Kontroversi Gelar Pahlawan Soeharto Bara: Rekonsiliasi Nasional Harus Transparan dan Menyeluruh

Kontroversi Gelar Pahlawan Soeharto

Bara: Rekonsiliasi Nasional Harus Transparan dan Menyeluruh

Djoko Tjiptono - detikNews
Berbagi informasi terkini dari detikcom bersama teman-teman Anda
Jakarta Penolakan pemberian gelar pahlawan kepada Soeharto menunjukkan Indonesia masih dihantui persoalan-persoalan politik masa lalu. Hal ini harus dijadikan momentum untuk merumuskan cara penuntasan persoalan-persoalan masa lalu secara jujur, transparan dan menyeluruh.

Demikian disampaikan Ketua DPP Partai Amanat Nasional (PAN), Bara Hasibuan, dalam perbincangan dengan detikcom, Selasa (19/10/2010).

"Sebenarnya kita telah sampai pada tahapan paling maju dalam masalah ini, yaitu dengan rencana pembentukan sebuah Komisi Kebenaran dan Rekonsiliasi. Namun sayangnya rencana itu tidak jelas perkembangannya. Inilah salah satu pekerjaan rumah paling besar antara pemerintah dan masyarakat sipil," kata Bara.

Menurut Bara, hanya dengan cara seperti itu bangsa Indonesia bisa mulai berdamai dengan masa lalunya. Bangsa Indonesia tidak terus menerus dibebani perdebatan panjang tentang bagaimana menuntaskan persoalan-persoalan politik di masa lalu.

"Yang paling penting adalah dengan cara seperti kita memutuskan ikatan trauma politik masa lalu dan secara sadar mencegah peristiwa-peristiwa serupa terjadi di masa mendatang," ujar Bara.

Disebutkan Bara, apa yang dilakukan Forum Silaturahmi Anak Bangsa patut mendapat apresiasi. Forum tersebut telah melakukan langkah awal yang positif untuk melakukan sebuah proses rekonsiliasi nasional.

"Tinggal bagaimana pemerintah meresponnya dengan mengundang mereka bersama-sama untuk merumuskan langkah-langkah yang tepat mencapai rekonsiliasi nasional. Hanya dengan keberanian untuk menghadapi dan menyelesaikan masa lalu yang kelam kita bisa berjaya sebagai bangsa," tegas Bara.

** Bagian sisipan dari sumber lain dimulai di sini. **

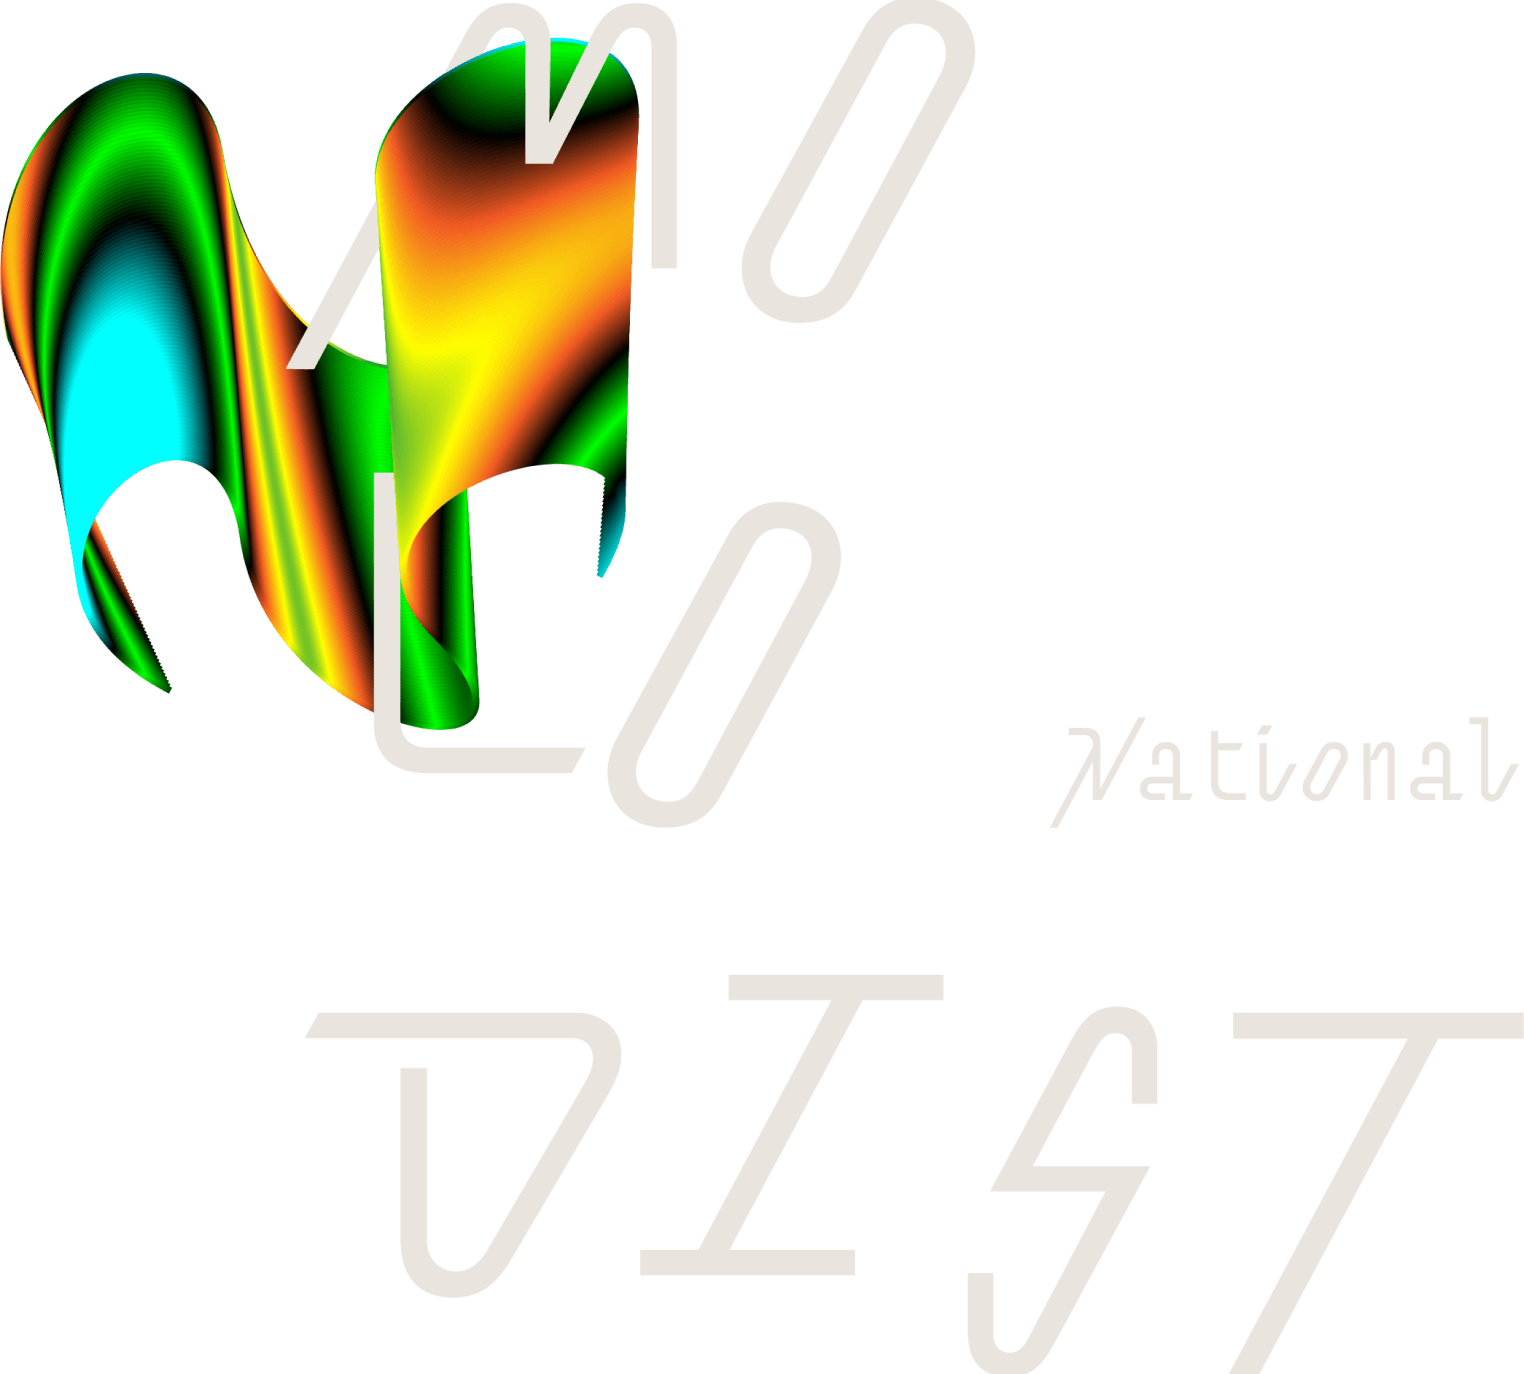 molodist logo national

Wacana rekonsiliasi nasional sebelumnya juga digulirkan Staf Khusus Presiden Bidang Bencana dan Bantuan Sosial, Andi Arief. Menurutnya, proses rekonsiliasi harus dikejar tidak hanya untuk suasana damai, tapi juga kesejahteraan rakyat.

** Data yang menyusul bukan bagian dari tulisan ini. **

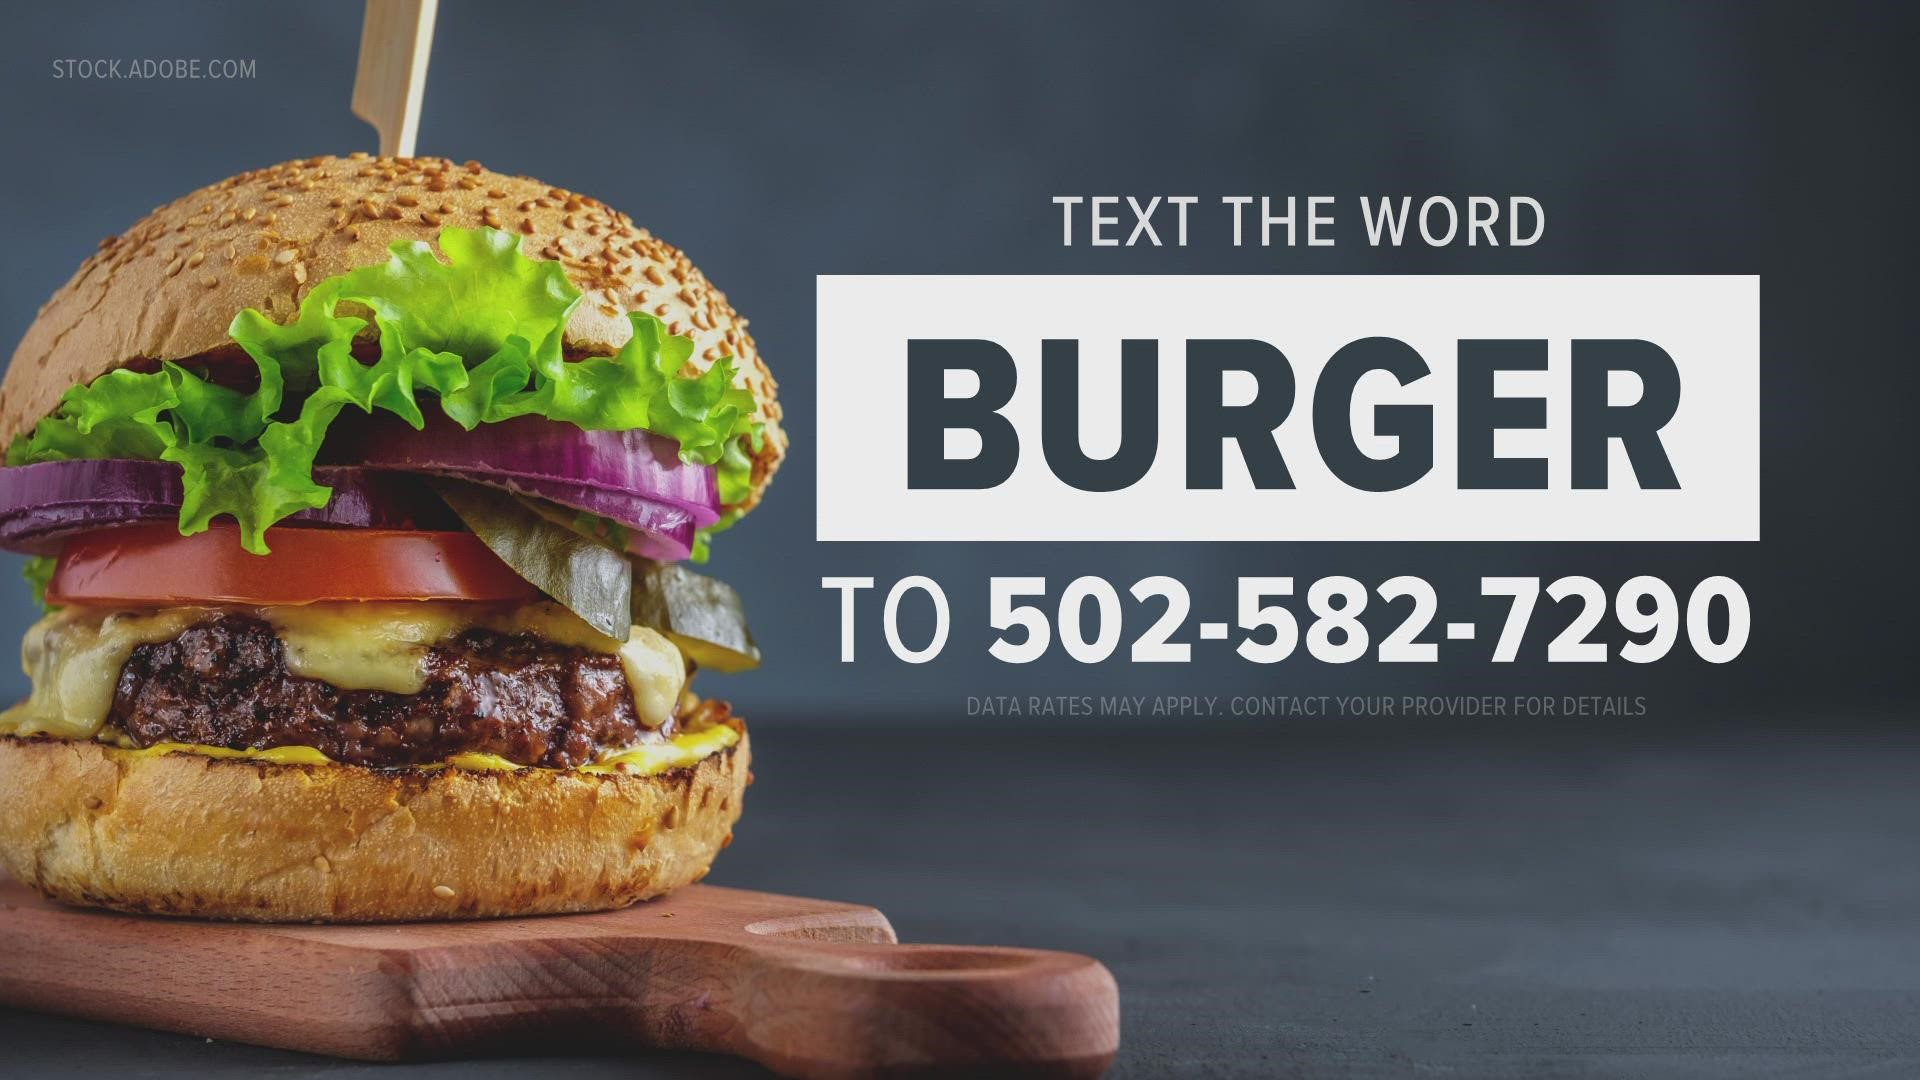 Enjoy $7 gourmet burgers through July 24 at over 25 Louisville restaurants.

Andi menambahkan, proses rekonsiliasi nasional itu harus dibuka dengan permintaan maaf dari keluarga Cendana. Keluarga Cendana harus meminta maaf kepada mereka yang telah menjadi korban Soeharto.

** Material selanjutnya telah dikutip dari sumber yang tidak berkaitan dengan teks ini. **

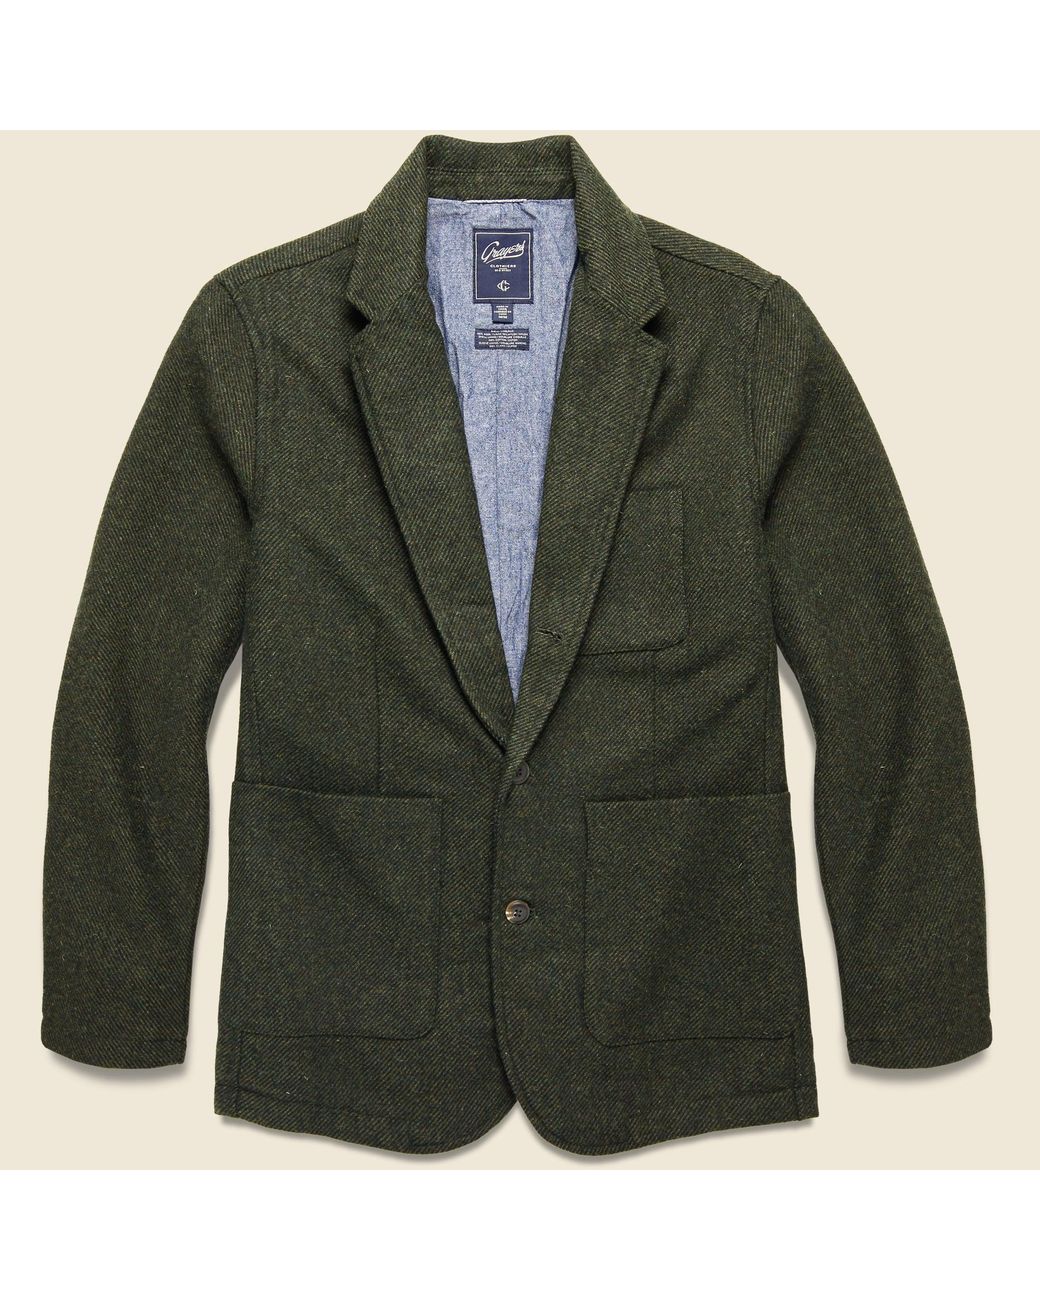 Grayers Hutton Wool Sport Coat - Loden in Green for Men - Lyst

Namun hal itu saja tidak cukup. Andi menegaskan, dalam hal ini negara juga harus terlibat karena hal ini bukan lagi berada di tingkat keluarga. Apa yang dilakukan Soeharto, mulai dari kejahatan HAM sampai kaburnya dana BLBI, dilakukan sang Jenderal Besar itu sebagai kepala negara.